# Clutch



## Mr.Storm (Sep 21, 2010)

We had a clutch go with in 20K miles, idk how many exactly are on the car, im too lazy to go down and check. Anyways I know it was too soon regardless. We bought the car new. Is this a normal thing for Gallardos? Because thats not cheap to fix ($10K)  and on that note has anyone had their clutch replaced? what prices have you gotten/seen? 

Thanks


----------



## slowhatch (Jul 2, 2010)

congratulations. you are the only person in this forum with an _actual_ gallardo.


----------



## SKNKWRX (Sep 27, 1999)

slowhatch said:


> congratulations. you are the only person in this forum with an _actual_ gallardo.


Actually i have one, and a clutch is $5,000 with labor $2,800 for parts. If somebody is charging you $10,000 youre getting ripped off. Is the car e-gear or manual?

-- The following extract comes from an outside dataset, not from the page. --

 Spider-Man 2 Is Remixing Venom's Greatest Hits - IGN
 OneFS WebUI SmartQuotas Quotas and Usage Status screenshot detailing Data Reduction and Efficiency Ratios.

I put a new clutch in at 4200 miles when I bought the car and now at 22,000 miles it is still fine. All depends on your driving style.


----------



## a4 (Oct 28, 2000)

Mr.Storm said:


> We had a clutch go with in 20K miles, idk how many exactly are on the car, im too lazy to go down and check. Anyways I know it was too soon regardless. We bought the car new. Is this a normal thing for Gallardos? Because thats not cheap to fix ($10K)  and on that note has anyone had their clutch replaced? what prices have you gotten/seen?
> 
> Thanks


That's not to out of the ordinary with only 20k on a G. Who quoted you $10k, Lambo of Washington? Your best bet is to do it your self if your able to. Here's a great write up on changing the clutch and general info.

http://www.lamborghini-talk.com/vbforum/f47/diy-clutch-change-transmission-removal-16409/

If your not able to DIY pm me for a list of shops in your area that are independant Lambo service.


----------